Next, an embodiment of the computer component on the receiving side will be described. FIG. 12 shows a configuration diagram of the computer component on the receiving side. Although the configuration is similar to that of FIG. 1, the control IC 180 and the user logic IC 129 are included.

  The control IC 180 communicates a control command from the CPU 110 to the control device 103, operation information from the control device 103 to the CPU 110, and the like. The control device 103 receives a control command from the CPU 110 through the control IC 180 and operates based on the control command. As a result of the operation, the operation information is transmitted to the CPU 110 through the control IC 180.

  The interrupt signal line 127 is asserted by the user logic IC 129 at a predetermined timing and for a predetermined period when the interrupt signal line 118 is asserted. When the timing at which the interrupt signal line 118 is asserted and the period during which the interrupt signal line 118 is asserted differ from the timing at which the interrupt signal line 127 requested by the reception side is asserted and the period during which it is asserted, the interrupt signal line asserting unit illustrated in FIG. 230 adjusts their timing and period.

  FIG. 15 shows the receiving-side computer component when adjustment of the timing and period of assertion is unnecessary. The interrupt signal line 118 is directly connected to the communication buffer 116. In the reception in this case, the user logic IC 114 can be omitted.

  Returning to FIG. 12, the description will be continued. The signal line 128 is a part of the inter-component communication bus 119 and includes an address bus and a control bus. The interrupt signal line 118 is implemented using a wired OR or OR logic element. When the interrupt signal line 118 is asserted, the user logic IC 129 uses the information on the signal line 128 to determine whether its own computer component is receiving a packet. Alternatively, although the number of signal lines of the inter-component bus is increased, it is also exemplified that the interrupt signal line 118 is prepared so as to be one-to-one between the computer components.

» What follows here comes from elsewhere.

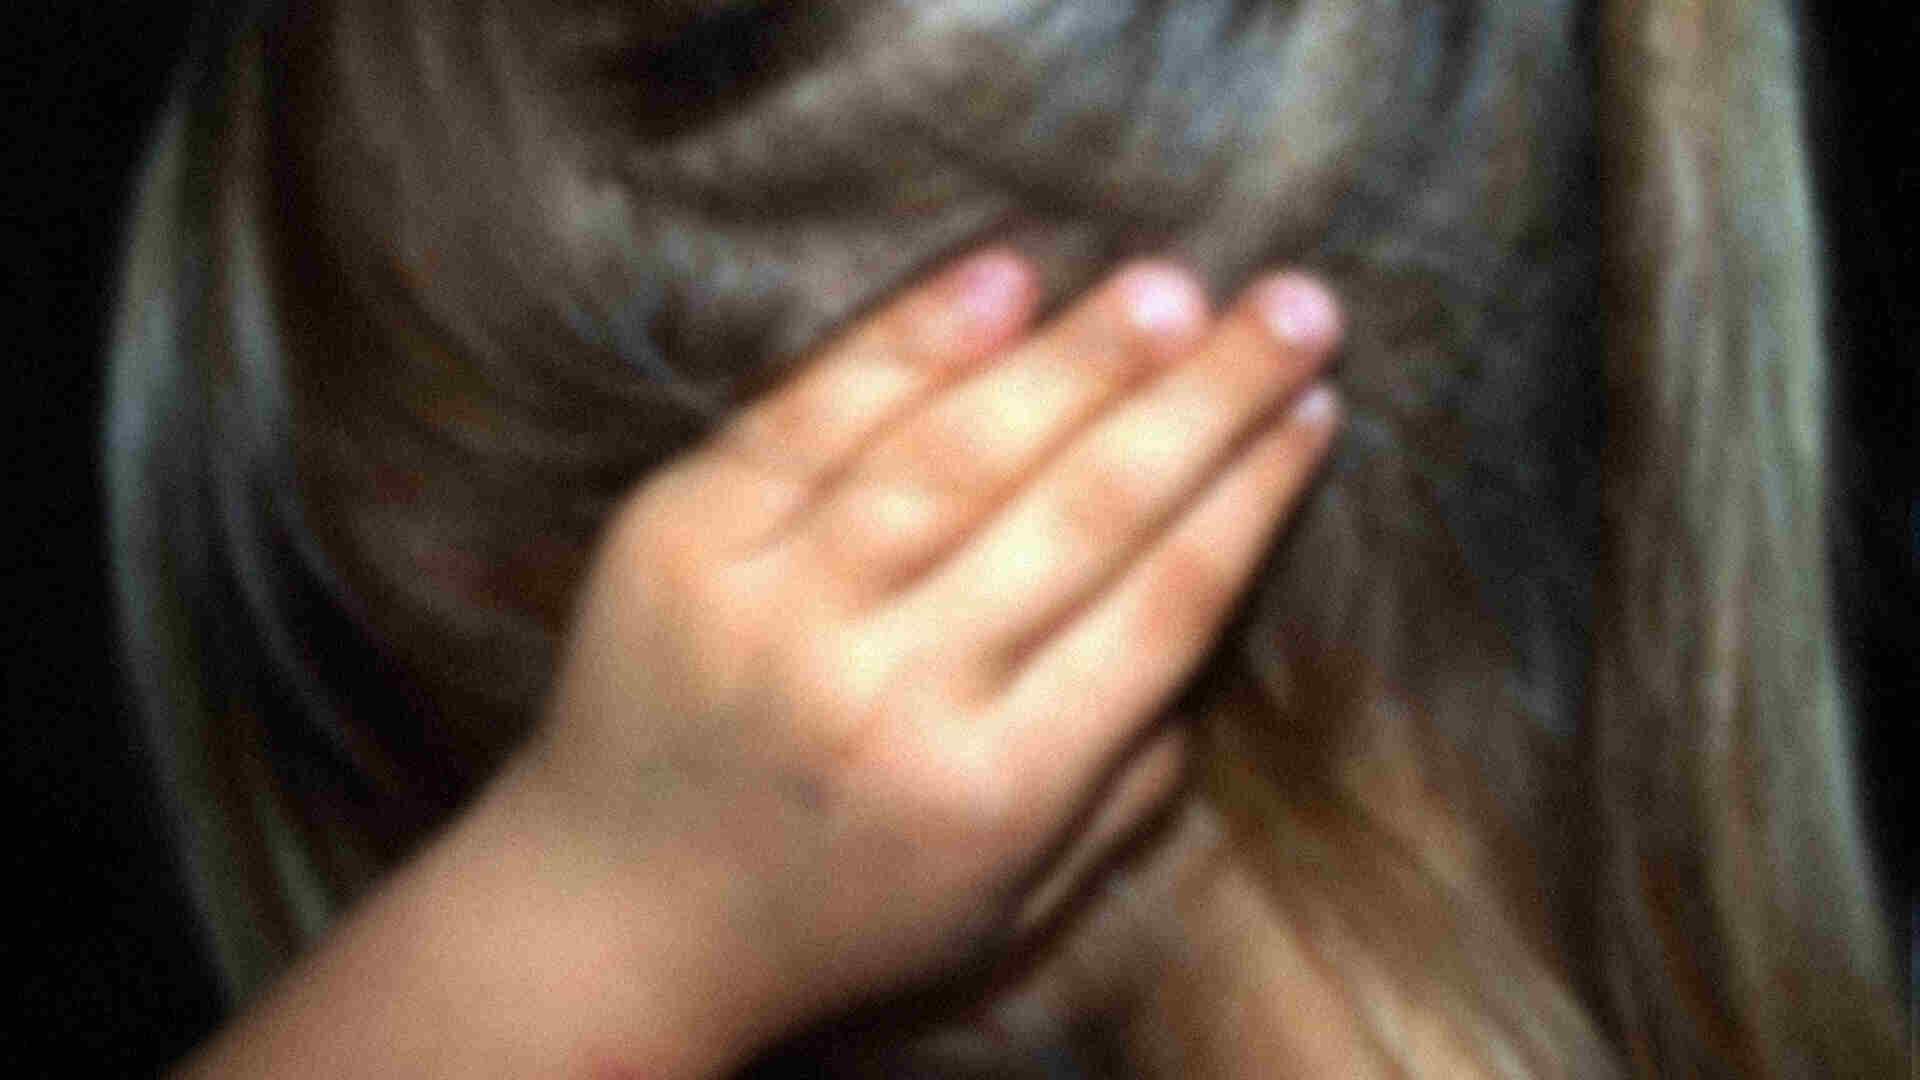 Suspeito de estuprar aluna de 6 anos será afastado de Emei durante apuração, diz Semed

  FIG. 17 shows a packet reception procedure in the computer component 104. First, a packet is received from another component (S020). Next, the user logic IC 129 determines whether the interrupt signal line 118 is asserted (S021). If it is asserted, the user logic IC 129 asserts the queue selection signal 127 to the communication buffer, and the communication buffer 116 receives the packet in the queue having a high priority (S022). Next, the communication buffer 116 waits until the output interface can be transmitted (S023). If transmission is possible, the communication buffer 116 transmits the packet to the RAM 111 (S024). If the interrupt signal line 118 is not asserted in S021, the communication buffer 116 receives the packet in the queue having a low priority (S025). Thereafter, the communication buffer 116 waits until the output interface can be transmitted (S026). If transmission is possible, the communication buffer 116 transmits a packet to the RAM 111 (S024).

  The above-described communication buffer of FIG. 11 shows a configuration of a communication buffer suitable for use on the receiving side. In this case, the queue selection signal 177 is connected to the signal line 118 on the bus between the computer components 104. If the signal line 118 is asserted, the packet is a packet to be preferentially processed, and therefore the packet is transmitted to the queue 171 having a high priority. If the output interface 172 can transmit, the packet is transmitted from the queue 171 having a high priority to the RAM 111. At the same time, an interrupt indicating packet reception is generated in the real-time OS operating on the CPU 110. A control program that operates on the real-time OS controls the control device 103 or acquires operation information in accordance with information and instructions included in the packet.

The RS232C standard, wireless communication, or the like is also exemplified for the external connection with the information processing apparatus 102. Examples of wireless communication standards include IEEE802.11a, IEEE802.11b, IEEE802.11g, IEEE802.11n, Bluetooth (registered trademark) , ZigBee (registered trademark) , UWB, infrared communication, and the like.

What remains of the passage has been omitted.